Given a pandas dataframe containing possible NaN values scattered here and there:
Question: How do I determine which columns contain NaN values? In particular, can I get a list of the column names containing NaNs?
UPDATE: using Pandas 0.22.0
Newer Pandas versions have new methods 'DataFrame.isna()' and 'DataFrame.notna()'
In [71]: df
Out[71]:
a b c
0 NaN 7.0 0
1 0.0 NaN 4
2 2.0 NaN 4
3 1.0 7.0 0
4 1.0 3.0 9
5 7.0 4.0 9
6 2.0 6.0 9
7 9.0 6.0 4
8 3.0 0.0 9
9 9.0 0.0 1
In [72]: df.isna().any()
Out[72]:
a True
b True
c False
dtype: bool
as list of columns:
In [74]: df.columns[df.isna().any()].tolist()
Out[74]: ['a', 'b']
to select those columns (containing at least one NaN value):
In [73]: df.loc[:, df.isna().any()]
Out[73]:
a b
0 NaN 7.0
1 0.0 NaN
2 2.0 NaN
3 1.0 7.0
4 1.0 3.0
5 7.0 4.0
6 2.0 6.0
7 9.0 6.0
8 3.0 0.0
9 9.0 0.0
OLD answer:
Try to use isnull():
In [97]: df
Out[97]:
a b c
0 NaN 7.0 0
1 0.0 NaN 4
2 2.0 NaN 4
3 1.0 7.0 0
4 1.0 3.0 9
5 7.0 4.0 9
6 2.0 6.0 9
7 9.0 6.0 4
8 3.0 0.0 9
9 9.0 0.0 1
In [98]: pd.isnull(df).sum() > 0
Out[98]:
a True
b True
c False
dtype: bool
or as @root proposed clearer version:
In [5]: df.isnull().any()
Out[5]:
a True
b True
c False
dtype: bool
In [7]: df.columns[df.isnull().any()].tolist()
Out[7]: ['a', 'b']
to select a subset - all columns containing at least one NaN value:
In [31]: df.loc[:, df.isnull().any()]
Out[31]:
a b
0 NaN 7.0
1 0.0 NaN
2 2.0 NaN
3 1.0 7.0
4 1.0 3.0
5 7.0 4.0
6 2.0 6.0
7 9.0 6.0
8 3.0 0.0
9 9.0 0.0
df.columns[df.isin['xxx'].any()].tolist()df.columns[df.eq(search_for_value).any()].tolist()isna, notna ?You can use df.isnull().sum(). It shows all columns and the total NaNs of each feature.

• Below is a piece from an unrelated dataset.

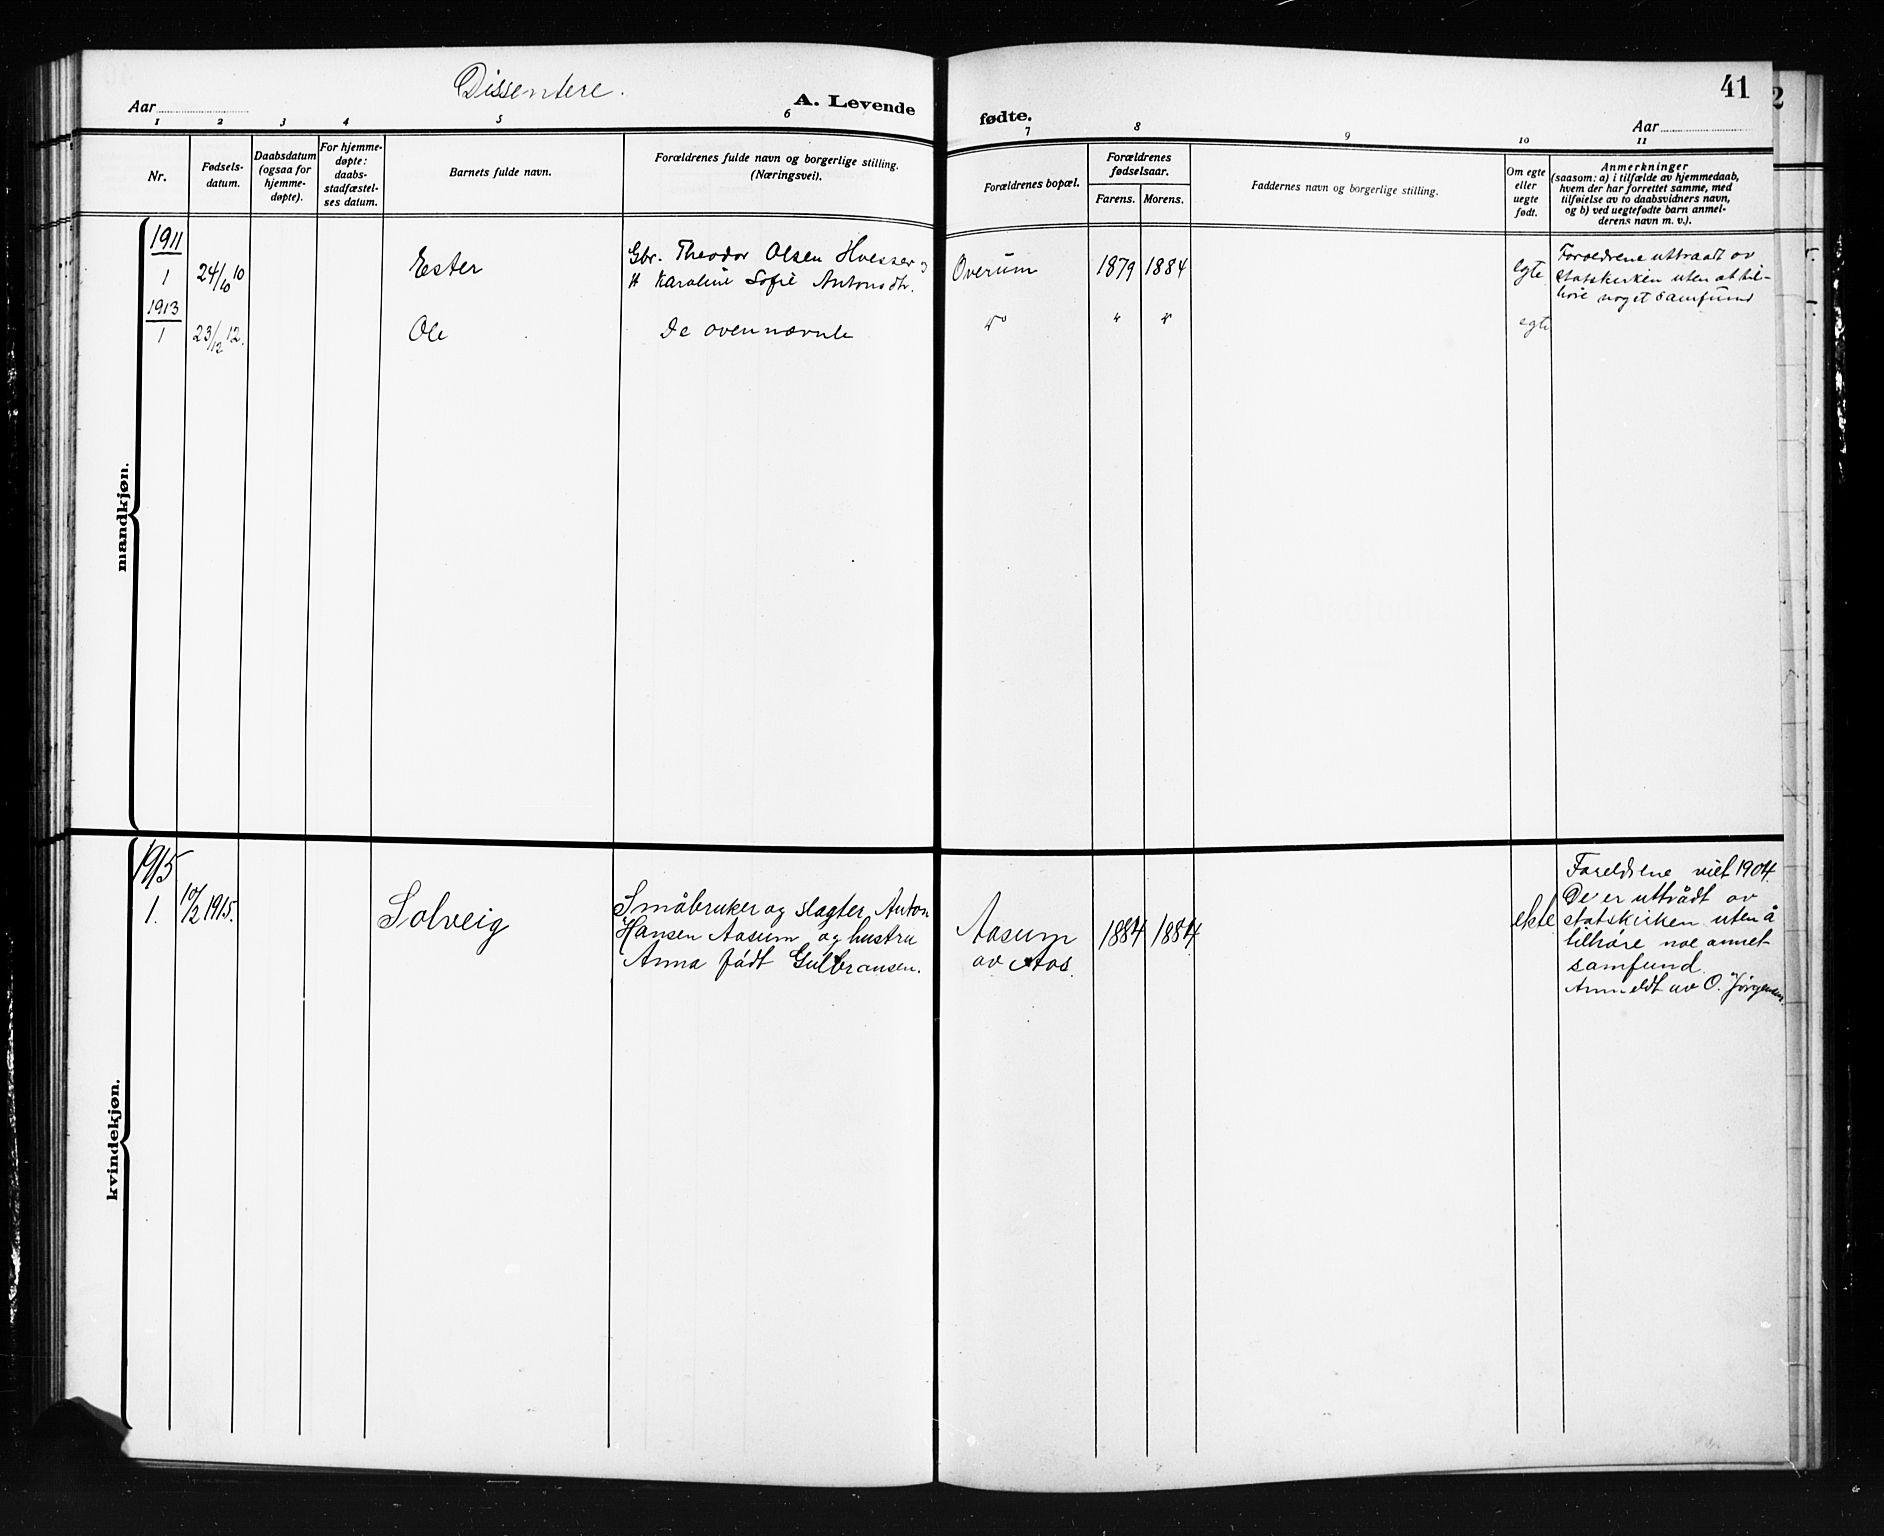 SAO, Trøgstad prestekontor Kirkebøker, G/Gb/L0001: Klokkerbok nr. II 1, 1911-1925, s. 41

I had a problem where I had to many columns to visually inspect on the screen so a shortlist comp that filters and returns the offending columns is
nan_cols = [i for i in df.columns if df[i].isnull().any()]
if that's helpful to anyone
Adding to that if you want to filter out columns having more nan values than a threshold, say 85% then use
nan_cols85 = [i for i in df.columns if df[i].isnull().sum() > 0.85*len(data)]
This worked for me,
1. For getting Columns having at least 1 null value. (column names)
data.columns[data.isnull().any()]
2. For getting Columns with count, with having at least 1 null value.
data[data.columns[data.isnull().any()]].isnull().sum()
[Optional] 3. For getting percentage of the null count.
data[data.columns[data.isnull().any()]].isnull().sum() * 100 / data.shape[0]
I know this is a very well-answered question but I wanted to add a slight adjustment. This answer only returns columns containing nulls, and also still shows the count of the nulls.
pd.isnull(df).sum()[pd.isnull(df).sum() > 0]
null_count_ser = pd.isnull(df).sum()
is_null_ser = null_count_ser > 0
null_count_ser[is_null_ser]
name 5
phone 187
age 644
In datasets having large number of columns its even better to see how many columns contain null values and how many don't.
print("No. of columns containing null values")
print(len(df.columns[df.isna().any()]))
print("No. of columns not containing null values")
print(len(df.columns[df.notna().all()]))
print("Total no. of columns in the dataframe")
print(len(df.columns))
For example in my dataframe it contained 82 columns, of which 19 contained at least one null value.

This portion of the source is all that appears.